Today I have started back to work and am so relieved. As I told you before, I have to edit a couple of books already written prior to their publication, but I also want to write a book I started some time ago. The story is about a woman whose husband dies of cancer. But just before he does, he reveals something which tears her whole world apart...

Here is a little snippet:-


The Letter

Chapter 1

The house sucked at her energy. It drained her like a thirsty hiker on a hot summer’s day. She could feel it pulling at the blood in her veins, causing tidal waves of that vibrant red life-force to course through her to a never-achieved destination, moving ever onwards, ceaselessly searching out its well-worn pathway.

But of course it was not the house which drained her so. It was the situation within in.

Jim waited for her in another room. Weak and tired, waiting was what he did best now. Waiting was actually all that was left to him. Fran wondered what was left to her. What would be left when Jim was finally gone? A thin smell of sickness which seemed to have pervaded the entire house? The ripe smell of a cancer unchecked, which had permeated the paint and wallpaper of their bedroom? Was that all there would be?

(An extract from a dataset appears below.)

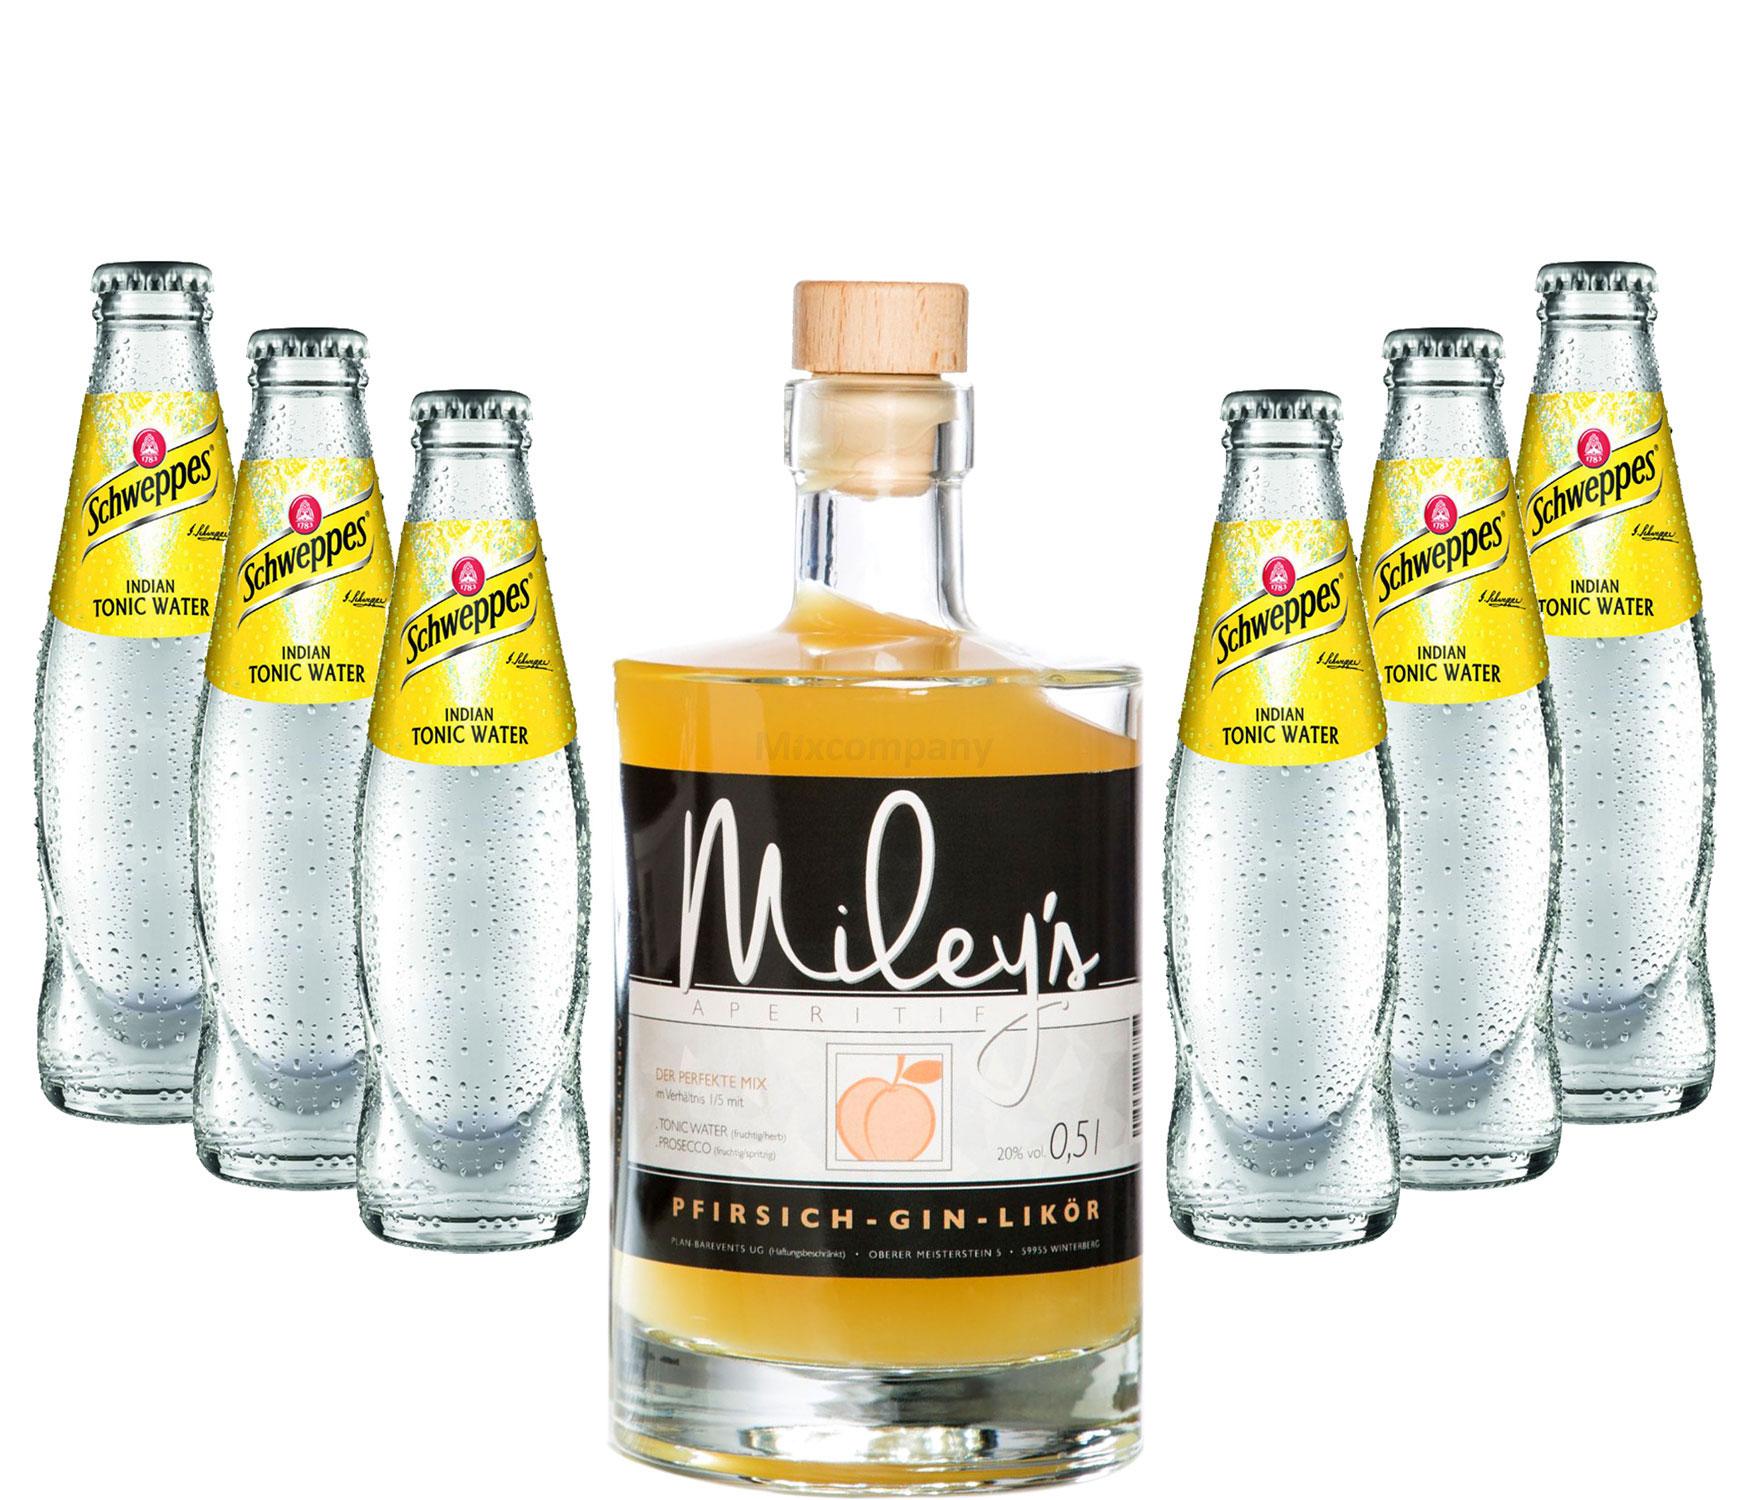 Mileys Pfirsich Gin Likör 0,5l (20% Vol) + 6x Schweppes Tonic Water 200ml inkl. Pfand MEHRWEG -[Enthält Sulfite]

Or would there be memories too? Memories which would linger to haunt her as if the images and sounds were captured within the porous brickwork and plaster, ready to be replayed whenever the whim took them?

It didn’t bear thinking about.  But she didn’t really need to ponder on it. The situation played itself out and she was just a bit player in every scene, the one who was necessary to breathe a little life into each act, to make it real and believable. The only one who would be left standing after the credits rolled and the curtains closed for that final time.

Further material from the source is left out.